Vaccines and Immunization

Biography

Biography: Qiyi(chee-e)

Abstract

Background: Molecular evidence has shown poliovirus vaccination induces an adaptive humoral immune response. In vitro experiments of polio-immune sera have been examined retrospectively in the context of the COVID-19 pandemic, but the induced antibodies that may cross-react with SARS-CoV-2 have yet to be analyzed in a controlled and prospective manner.

Objective: To evaluate and characterize the immune response to SARS-CoV-2 elicited in adults by IPV (inactivated poliovirus vaccine).

Design: Single arm, open-label, pre-post vaccine immunogenicity trial

Setting: San Diego, CA (USA), November 2020 on going.

Participants: Adults between the ages of 18-80 with no active infectious disease, history of COVID-19 or prior COVID-19 vaccination.

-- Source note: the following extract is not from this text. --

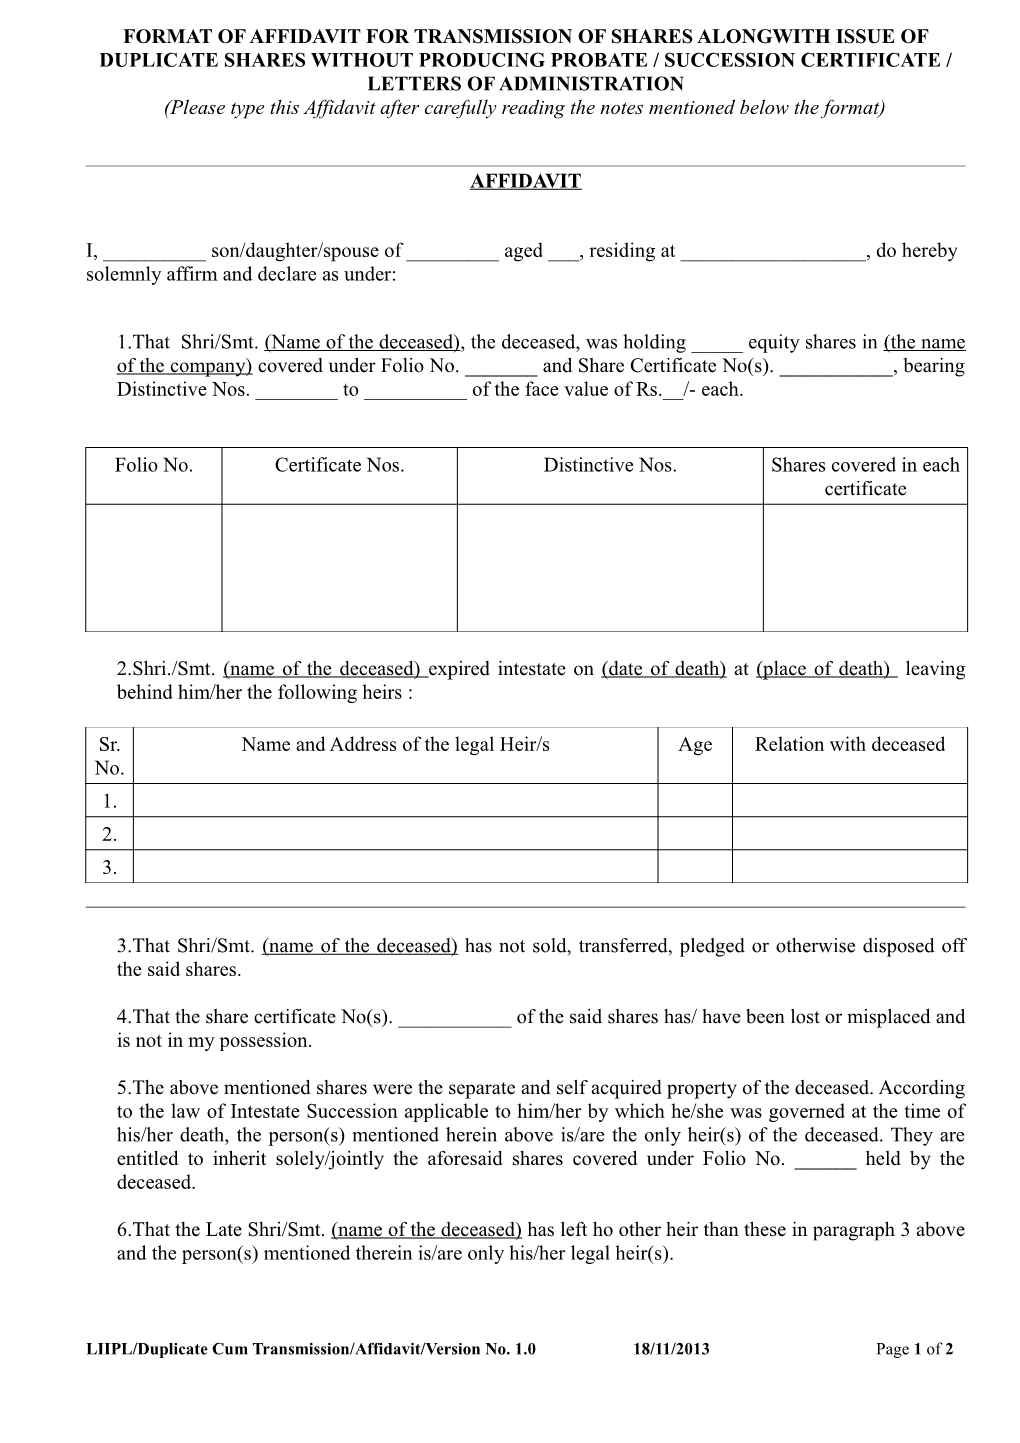 Format of Affidavit for Transmission of Shares Alongwith Issue of Duplicate Shares Without

Interventions: All participants received IPV (IPOL, Sanofi Pasteur) by intramuscular injection.

Measurements: Blood specimens collected at baseline (pre-inoculation) and 28±3 days post-inoculation were tested for polio antigens using Enzyme-Linked Immunosorbent Assays (ELISA). Viral replication via RNA-dependent RNA polymerase (RdRp) enzymatic activity was measured to the polio-immunized sera.

Results: A total of 298 of the 300 enrolled participants completed both on-site visits. Comparing the baseline (Day 1) and Day 28 measurements, 261 of the 298 paired samples (87.6%) demonstrated a positive increase in antibody titers, 30 (10.1%) decreased and 7 (2.3%) had no change. Samples that demonstrated no change or a decrease in titers from pre- to post-inoculation had high titer levels at baseline. Of the 298 polio-immune serum samples, 47 were randomly selected for RdRp enzymatic activity testing, and all samples (100%) demonstrated inhibition of RdRp function, inhibition of SARS-CoV-2-induced Cyto Pathic Effects (CPE) in Vero cell culture, and a clear demonstration that IPV immunization raises antibodies that recognize the RNA-dependent-RNA-polymerase (RdRp) proteins of both poliovirus and SARS-CoV-2. Additionally, our retrospective study demonstrated adults re-immunized with IPV exhibited similar antibody responses to both poliovirus and SARS-CoV-2 RdRp, compared to children who received IPV as part of their childhood vaccinations. Across all ages, poliovirus vaccination produces antibodies that inhibit RdRp function, thereby preventing viral replication that may cause disease progression in infected individuals. The study results provide robust data that poliovirus vaccines can generate strong adaptive immune responses against SARS-CoV-2, providing protection from infection. Serologically, we found poliovirus vaccination significantly increases antibody titers (p<0.0001). Clinically, only 1.67% of the studied population reported testing positive for COVID-19, which can be compared to the local infection rate among the general population at that time, 8.83% (p<0.0001, z=4.677 [95% CI (0.54,3.85)]). Those who did test positive for COVID-19 only experienced mild symptoms for 1-3 days, if at all. Moreover, no one in the clinical trial was hospitalized (0%) or died (0%) due to COVID-19, which may be compared to the rates in the local population, with 5.5% of the general public being hospitalized and 1.3% dying from COVID-19 (p<0.0001, z=6.21; p<0.01, z=2.73, respectively).

Limitations: Participants were not routinely tested for COVID-19, though known exposures were reported, and COVID-19 PCR results were documented.

Conclusion: A single dose of IPV induces a significant increase in antibody titers, which can cross-react with SARS-CoV-2. This prospective clinical trial confirms findings from retrospective studies that polio-immune sera demonstrate inhibition of viral replication and IPV can affect SARS-CoV-2 RdRp reactivity.